Ein Sommertag in Mainz. Die Zwillinge Roman und Heiko blicken sich suchend im Bootshaus um. Sie wirken müde. Als wir zusammensitzen, bestellen sie Cappuccino mit einem extra Shot Espresso. Wir reden darüber, was es bedeutet, heute jung zu sein.
Bärbel Schäfer: Wann ist man in euren Augen alt?
Roman: Für mich ist alt, wenn mein Gegenüber über viel Erfahrung verfügt. Gerade dann fühle ich mich immer besonders jung. Alt zu sein ist für mich nicht negativ besetzt.
Heiko: Als Kind habe ich meinem 18. Geburtstag entgegengefiebert. In diesem Jahr, mit 19, gab es keine Vorfreude mehr. Vielleicht ist das Altern.
Alles hat seine Zeit, wofür steht eure Generation?
Heiko: Wir sind selbstbewusst, wollen uns selbst verwirklichen. Träume leben, was auf die Beine stellen! Das konnten die Nachkriegsgeneration und ihre Kinder ja nicht so frei wie wir heute. Wir sind individuell und verlassen abgelatschte Pfade, auch dank des Internets. Wir sind die transparente Posting-Generation.
Roman: Wir können uns gut auf Neues einstellen und mit Schnelllebigkeit umgehen. Wir sind eine Start-up- und Gründergeneration. Wir machen einfach, wir legen los ohne langes Zögern.

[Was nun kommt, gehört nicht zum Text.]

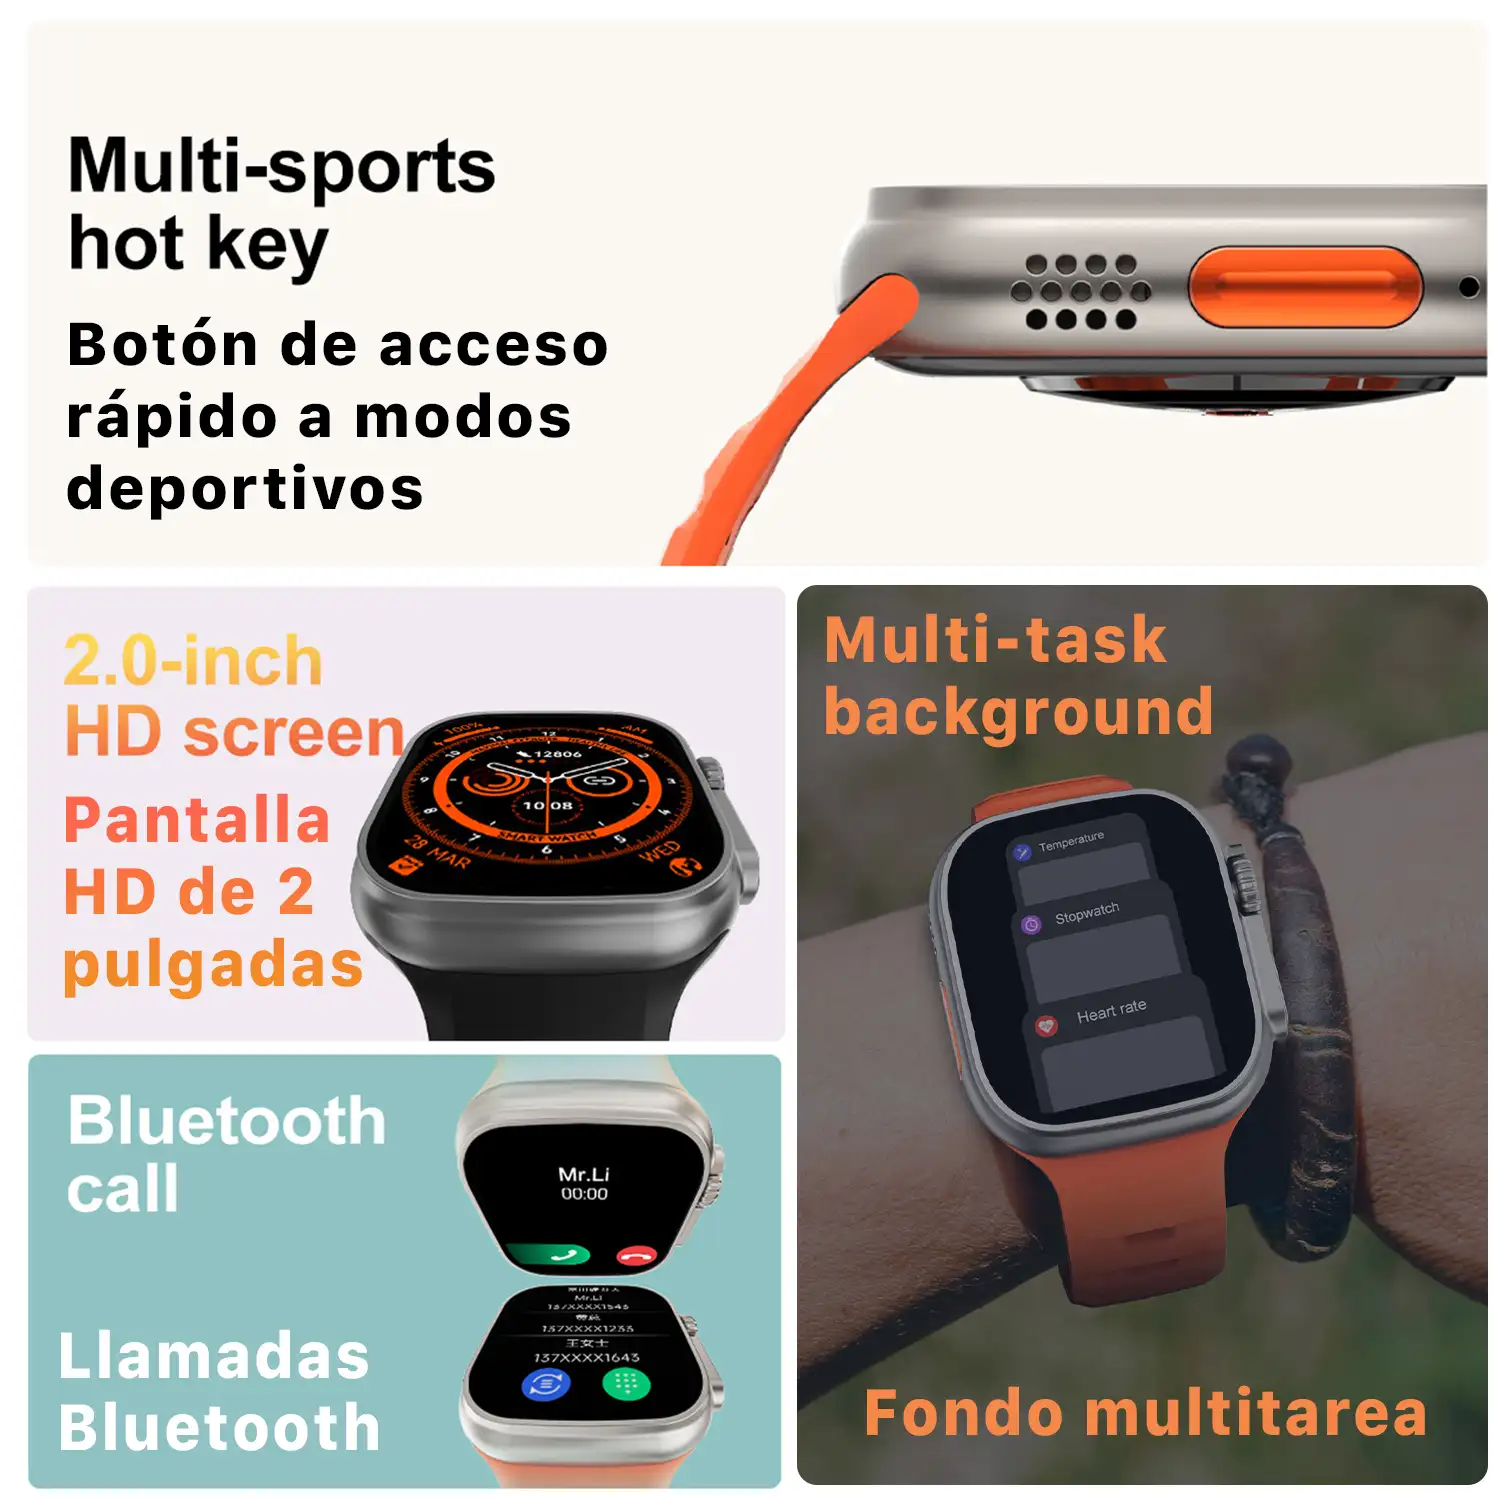 Smartwatch TRAIL DAM8 con pantalla de 2 pulgadas HR y función Always-On. Widgets personalizables. Correa de Nylon.

Was ist euer Rüstzeug für diese Zeiten?
Roman: Ein Mix aus digitalem Knowhow, Sprachkenntnissen und dem Glauben an dein Talent, deine Stärke. Unsere Eltern waren ja keine Musiker, wir haben nichts als unserem Talent vertraut.
Ich verstehe, wenn Fans sagen: Ich bin aus dem 'Lochis'-Alter rausgewachsen. So geht es uns ja selbst gerade.

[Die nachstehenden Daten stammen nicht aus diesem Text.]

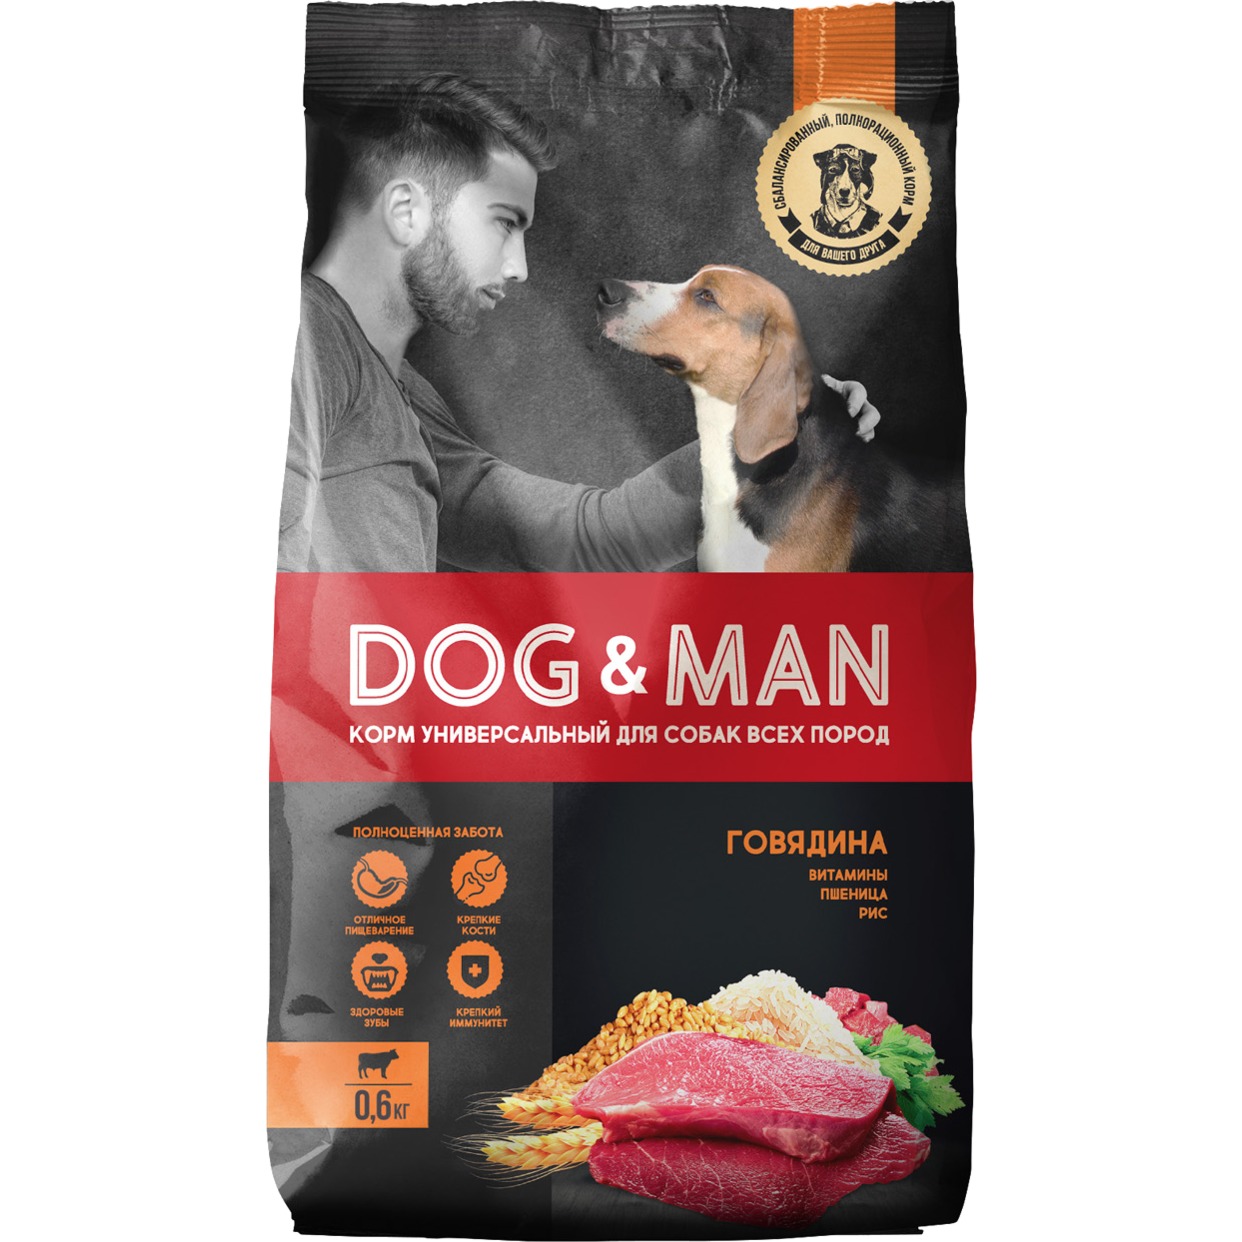 Dog&Man*, Корм сухой полнорационный универсальный для собак всех пород с говядиной , 0,6 кг по акции в Пятерочке

Heiko Lochmann von "Die Lochis"Tweet
Woher kommt euer Selbstbewusstsein?
Roman: Das Selbstvertrauen entsteht durch unsere unendlichen Möglichkeiten. Die Chance, uns dauernd ausprobieren zu können. Es gibt so viele Wege, klappt einer nicht, wählen wir eben einen anderen. Daran wachsen wir.
Heiko: Unsere Eltern sind keine Helikopter-Eltern. Sie haben unseren Mut und unsere Eigeninitiative nie ausgebremst. Ihre einzige strenge Auflage war: der Schulabschluss. Bei uns im Dorf gab es Kids, die durften mit zehn Jahren noch nicht mal die Hauptstraße allein überqueren. Wir sind die wilden, kletternden Baumhauskinder gewesen. Wir haben uns in den letzten acht Jahren von immer neuen Seiten präsentiert, mit Comedy, Musik, Konzerten, Medienauftritten, ohne dass uns jemand Steine in den Weg gelegt hat.
Roman: Unsere Eltern wussten am Anfang gar nicht, was wir da eigentlich genau machen. Klar wollte ich meine Eltern nicht enttäuschen, aber vor allem ging es mir darum, hunderttausend Alben zu verkaufen.
Ist eure Zweisamkeit eure Extrastärke?
Heiko: Zwilling sein heißt nicht allein sein. Es gibt für mich kein tieferes Vertrauen als das zu meinem Bruder. Ich kenne es nicht anders, als dass Roman für mich da ist, mein Leben teilt. Klingt kitschig, aber wir sind Yin und Yang.
Roman: Wir reden Klartext miteinander, sagen, wie es wirklich läuft. Wir sind ein Team, ziehen an einem Strang und wenn einer von uns schwächelt, kann der andere den Input geben.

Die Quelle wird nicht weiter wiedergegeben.